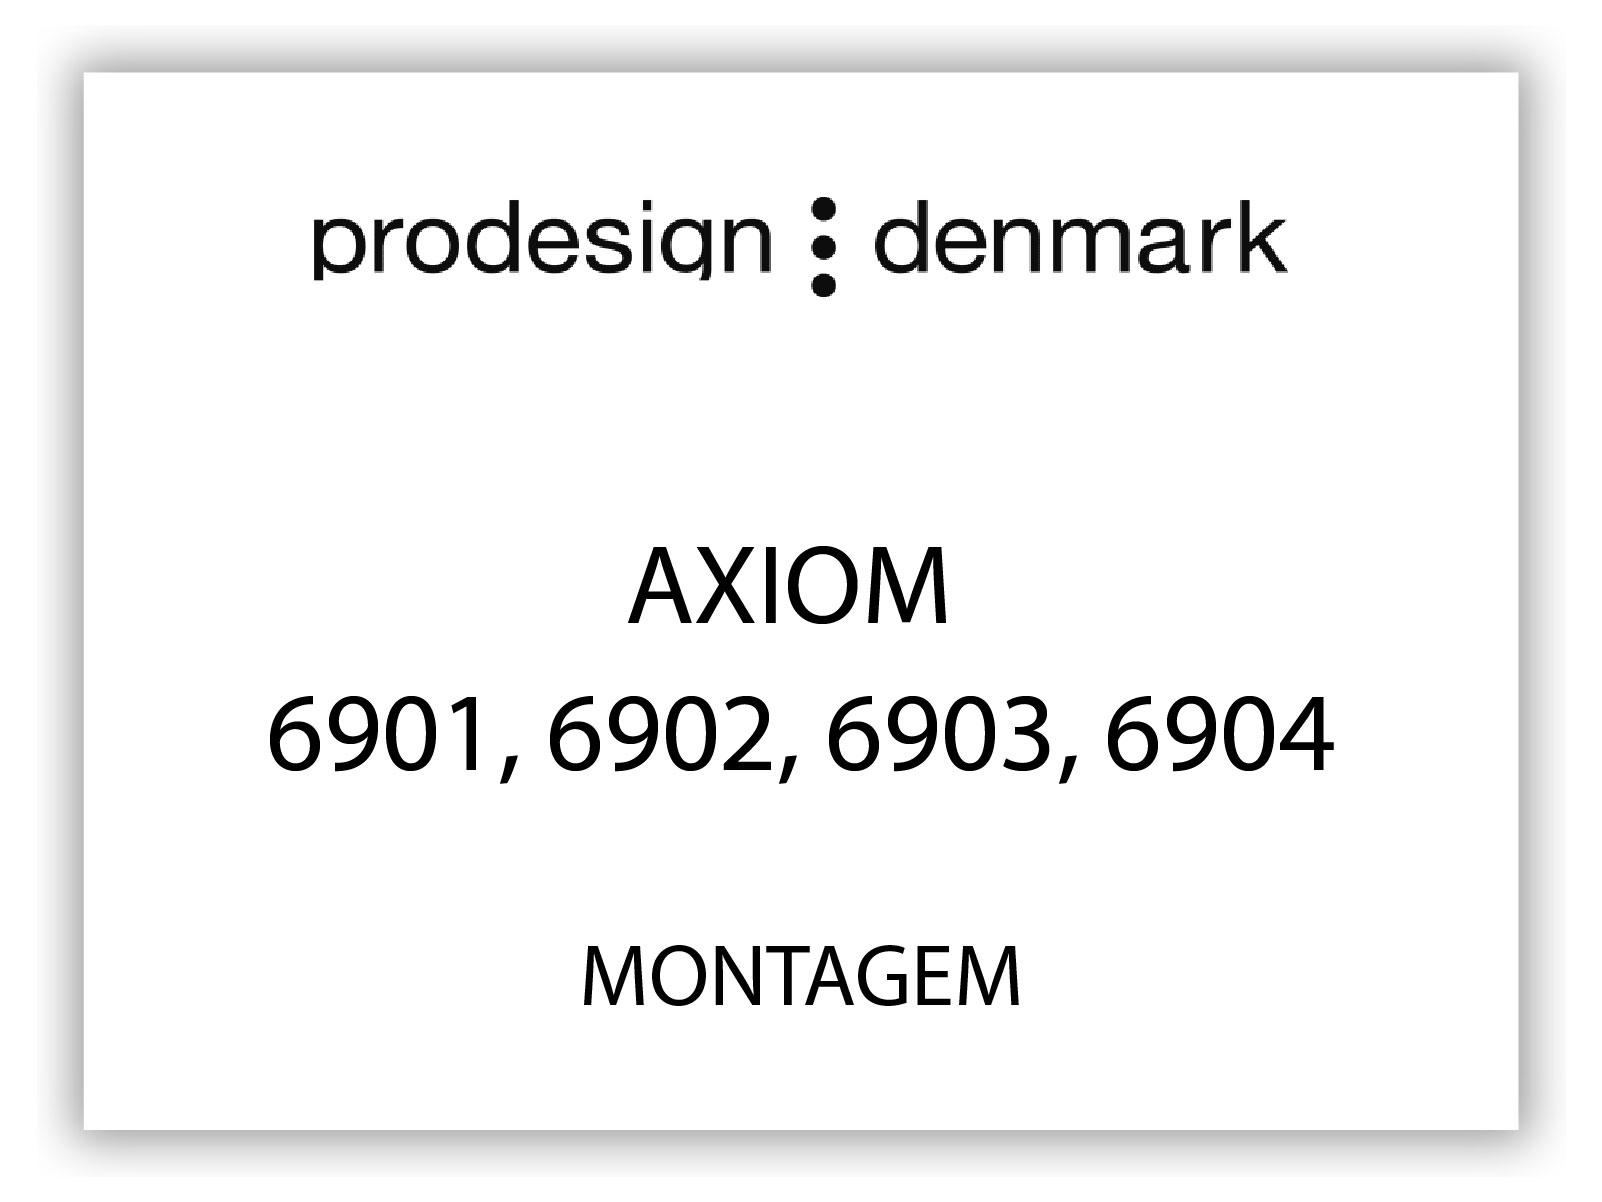 ProDesignDenamark_capa-AXIOM 6901, 6902, 6903, 6904-mont
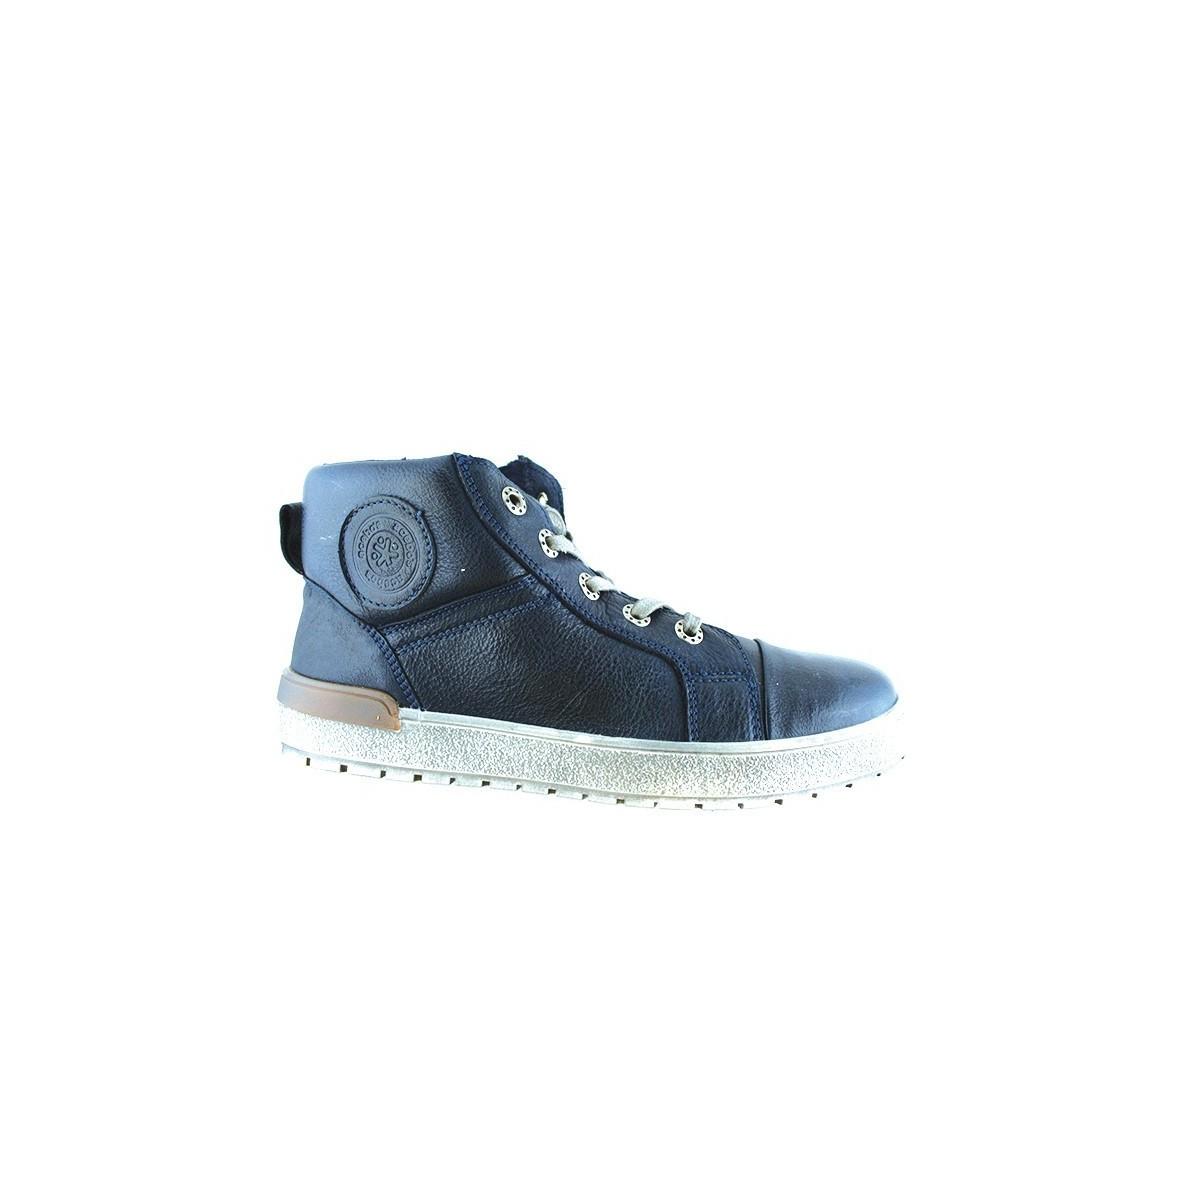 Chaussure montante lacet cuir marine
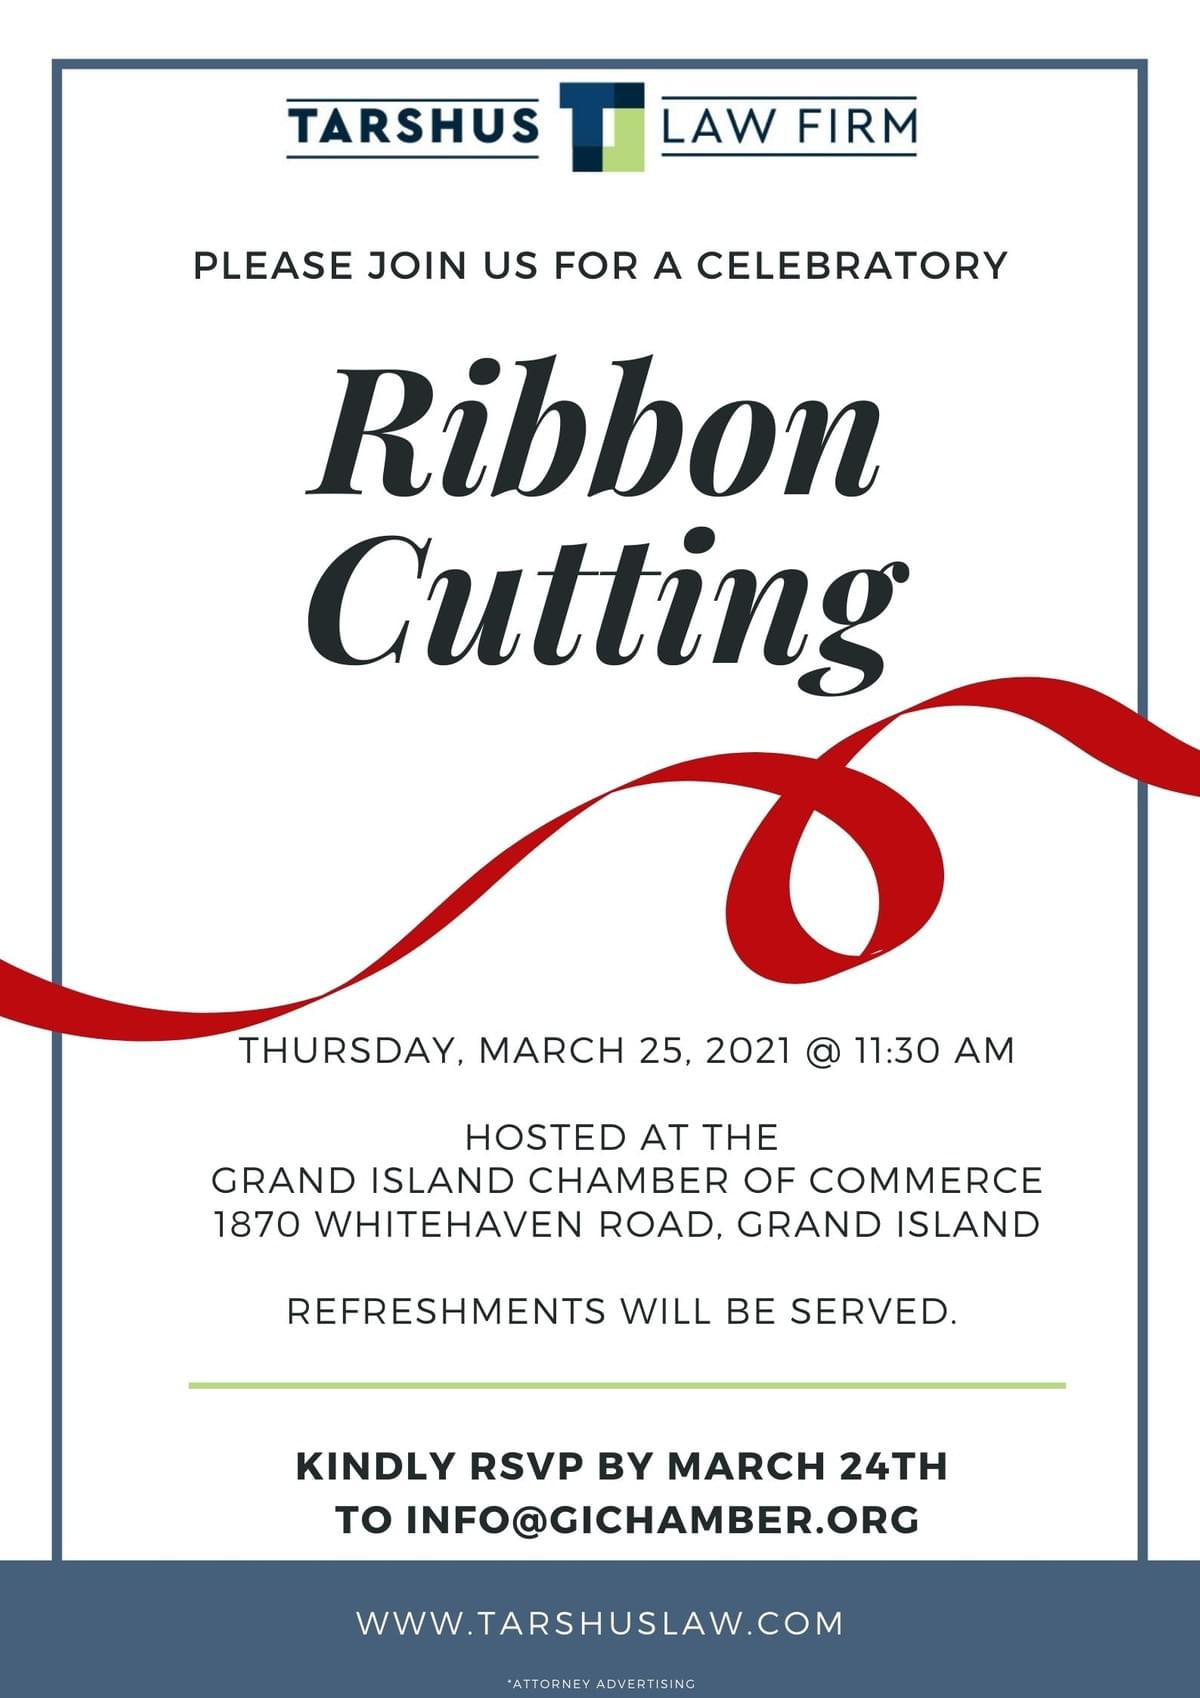 Tarshus Law Firm Celebratory Ribbon Cutting 2021
· · ·
**PROBLEM**
Repeat only the lines from the one holding "Chaussure montante lacet cuir marine" through the last line of the data, inclusive. Keep the pictures out.

**EXERCISE OUTPUT**
 Chaussure montante lacet cuir marine
 Tarshus Law Firm Celebratory Ribbon Cutting 2021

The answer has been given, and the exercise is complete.